Cute, a Punisher reference.

In that I’m Martha Kent. I don’t understand this narrative choice. I do understand that it is a choice — a good choice — for many people. It could have been a choice for any of Clark’s “Weirdos,” particularly Pete Ross (the eventual husband of Lana Lang). Is this Clark’s best choice? Is this the best choice for the story — the Superman story?

I don’t think so.

Miller goes to great pains to show that his young Clark Kent is one who is mindful of his powers, how fragile people are and how easily academics, athletics and work comes to him. Even as a boy, he seems to comment about how hard everything is for his parents.

“I’m not better than anybody. I know that,” Clark says to his father. “I’m just better at doing stuff.”

So, why send him to the Navy? Basic training. Navy SEAL Commando training. Anything that anyone throws at Clark Kent will be too easy. This isn’t a challenge for him. The boy who reads books in an instant would know that the Armed Forces aren’t a challenge.

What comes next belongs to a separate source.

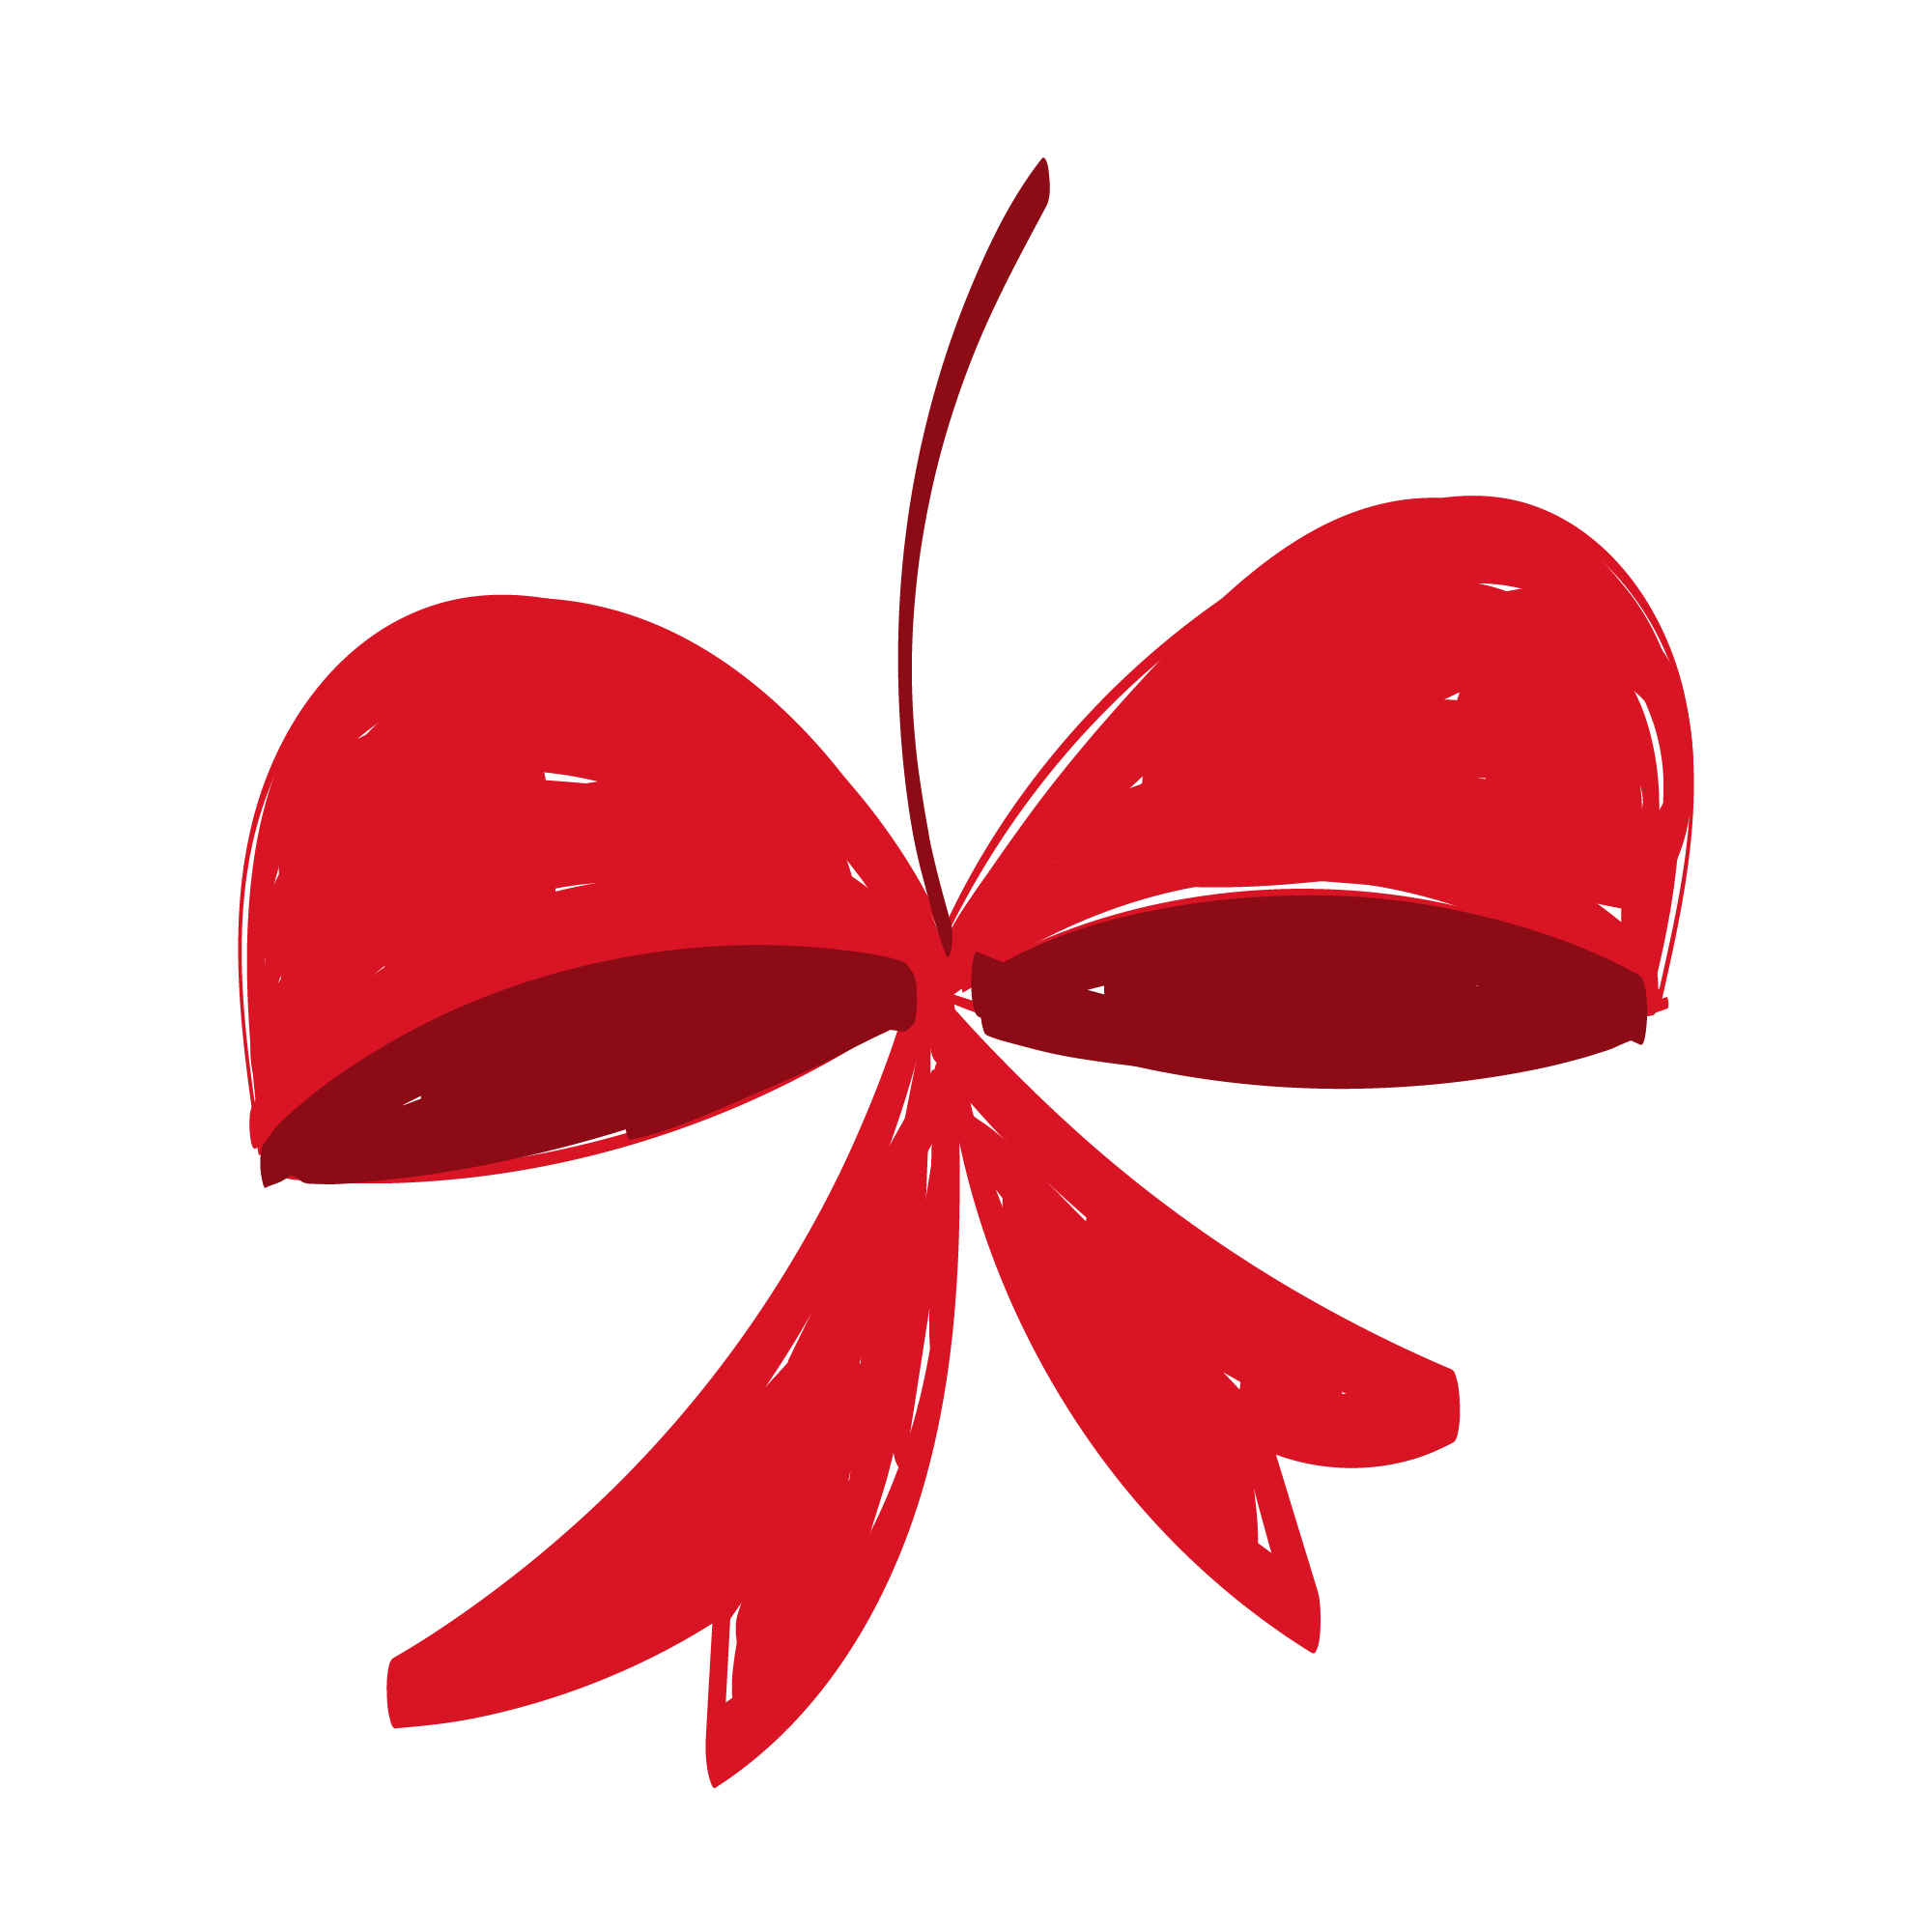 Image with Christmas bow design.

If Clark’s goal is to explore, have him explore. And if you only have three issues to the story of Clark Kent exploring the world, don’t waste 67 pages of that story mostly set in Smallville. Set that story as he is exploring.

The problem with the story so far is that it is neither Superman nor is it year one. The book opens on Krypton imminent destruction. And the narrative jumps to points throughout Clark’s entire childhood.

Everything is rushed and nothing lands.

There could be good stories to tell from Miller’s Smallville during Clark’s last year at high school, but they are hurried, so that he can get to the surprise conclusion.

Take the group of bullies terrorizing Clark’s friends. He stands up for his friends. And the bullies, who know that Clark can’t be hurt, lash out at his friends and beats them with sticks.

“He said it was real dangerous being your friend,” one of the nameless Weirdos says. “He said that it could get a guy killed.”

That seems like the foundation for a need to separate Superman and Clark Kent into two different people in the public eye, right? That could be a story worth telling.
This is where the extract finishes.